You're reading: Russian oil flows to dry up in Black Sea, Central Europe

LONDON, Dec. 1 (Reuters) - Russia's growing oil exports to Asia and the Baltic have unsettled European traders and refiners, who fear shortages on the Black Sea and in central Europe should Russian output stall or decline.

Although the world’s largest oil producer has repeatedly said it has no plans to cut supplies to European markets, evidence is growing that it is focusing on supplying northwest Europe, the Pacific and a soon-to-be-pumping pipeline to China to the detriment of Black Sea and central European routes.

This is not so much of a long-run problem for the Black Sea and Mediterranean markets, which will become less dependent on sour and heavy Russian Urals grades as production grows in Kazakhstan and Azerbaijan, whose sweet and light grades will become dominant, traders predict.

But for central Europe, the problem of dwindling Urals supplies may prove more difficult to tackle. German refineries rely on crude from the Druzhba pipeline to such an extent that the issue might ultimately become of major concern to German politicians.

"We are witnessing a tectonic shift, and foreigners become very worried. It sounds crazy for now, but we may end up by having Germany and Poland importing crude from the Baltic Sea instead of Druzhba," one major Russian trader said.

Ten years ago when Russia launched Primorsk, its first oil port in the Baltic, to cut reliance on transit via former Soviet Baltic republics, few traders would have dared to predict the route would replace the Black Sea as the main export channel.

Plans for large exports to Asia by then-President Vladimir Putin had seemed a dream if not a fantasy.

PRIMORSK VS NOVOROSSIISK

A decade later, Primorsk is now Russia’s biggest port with exports of 1.55 million barrels per day, while Kozmino on the Pacific has ramped up exports to 360,000 bpd from scratch two years ago.

Meanwhile, combined exports from Black Sea ports including Russia’s Novorossiisk and Ukraine’s Yuzhny and Odessa are running as low as 700,000 bpd during some months or less than half of combined capacity.

In the long term, Russia plans to export as much as 1.6 million bpd to the Pacific and Asia, including through a newly built link to China.

Jonathan Kollek, vice-president for trading at TNK-BP, Russia’s No. 3 oil firm that is half-owned by BP, said the shift from the Black Sea and Druzhba to Asia and the Baltic would continue.

"Novo(rossiisk) will dwindle, while the Baltic will pump at full capacity.
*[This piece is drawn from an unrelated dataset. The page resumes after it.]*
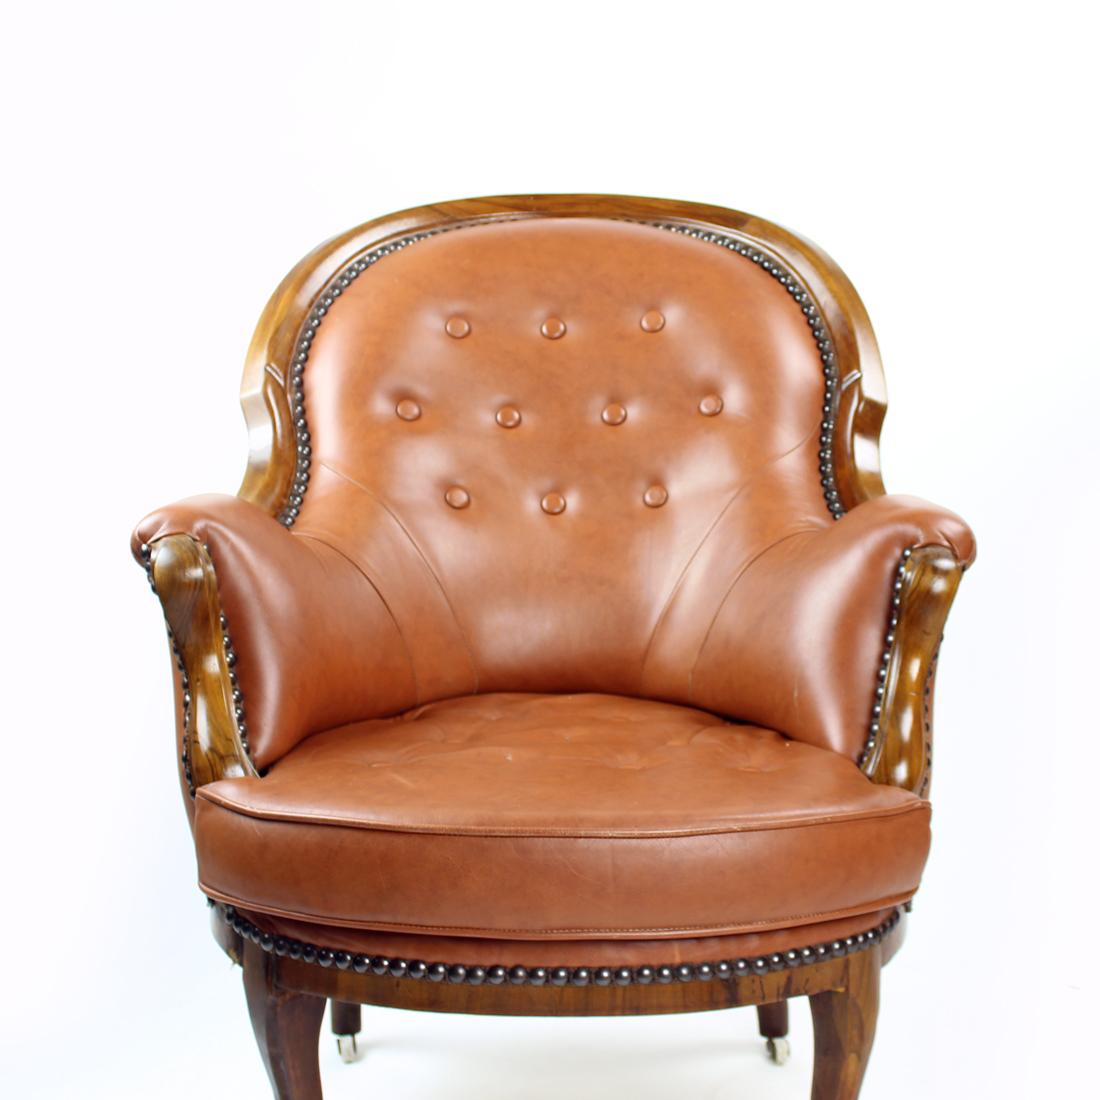 Schöner Sessel mit tollen Details. Der Stuhl wurde in den 1950er Jahren in der Tschechoslowakei hergestellt. Der Stuhl besteht aus einem Holzgestell aus Nussbaum und einer Sitzfläche und Rückenlehne aus Kunstleder. Besonders schön sind die

Novo and Druzhba will be marginal plays to some extent, but you will see flows of products through Novo increasing," he told Reuters.

Peter O’Brien, vice-president at Russia’s largest oil producer Rosneft, said the extent to which flows will shift to Asia from Europe would depend on Russian tax policies on production and exports from different regions.

"It is a function of which production you have in say five years," says O’Brien, whose company dominates East Siberian production and is pressing the government for more tax breaks to enable it to export more to Asian markets.

O’Brien also noted that some of the proposed changes in taxation may discourage refining, which would free up more crude volumes for exports.

CALL TO PUTIN

Russian oil output has repeatedly surprised the markets on the upside in the past years.

Traders say Moscow would have had enough crude for both Europe and Asia if it were not building a new major Baltic port, Ust Luga, which like Primorsk is also located near St Petersburg, the home town of Putin, now premier and still Russia’s most influential politician.

It is due to start next year and ultimately ship up to half a million barrels per day of crude to European markets.

"With the Chinese pipeline start due any day and the launch of Ust Luga, I’m wondering if we will witness the death of Druzhba. (German Chancellor Angela) Merkel should call her ‘friend’ Putin to figure out what’s going on," one trader with a Russian major said.

Putin has repeatedly criticised the European Union’s stated aim to diversify away from Russian oil and gas after disputes between Russia and its neighbours led to cuts in flows.

Ust Luga and the Chinese pipeline are not the only factors affecting future exports as the country expands its refining capacity, despite the proposed changes in taxes.

Oil firm Tatneft launched Russia’s first major post-Soviet refinery and is seeking to regain control of Ukraine’s Kremenchug, which now often sits idle.

"If Tatneft gets Kremenchug, there will be not much volume left for the Black Sea. That will make Mediterranean markets very volatile, and people will have to get used to constant arbitrage between the saturated Baltic and the hungry south," one major Urals trader said.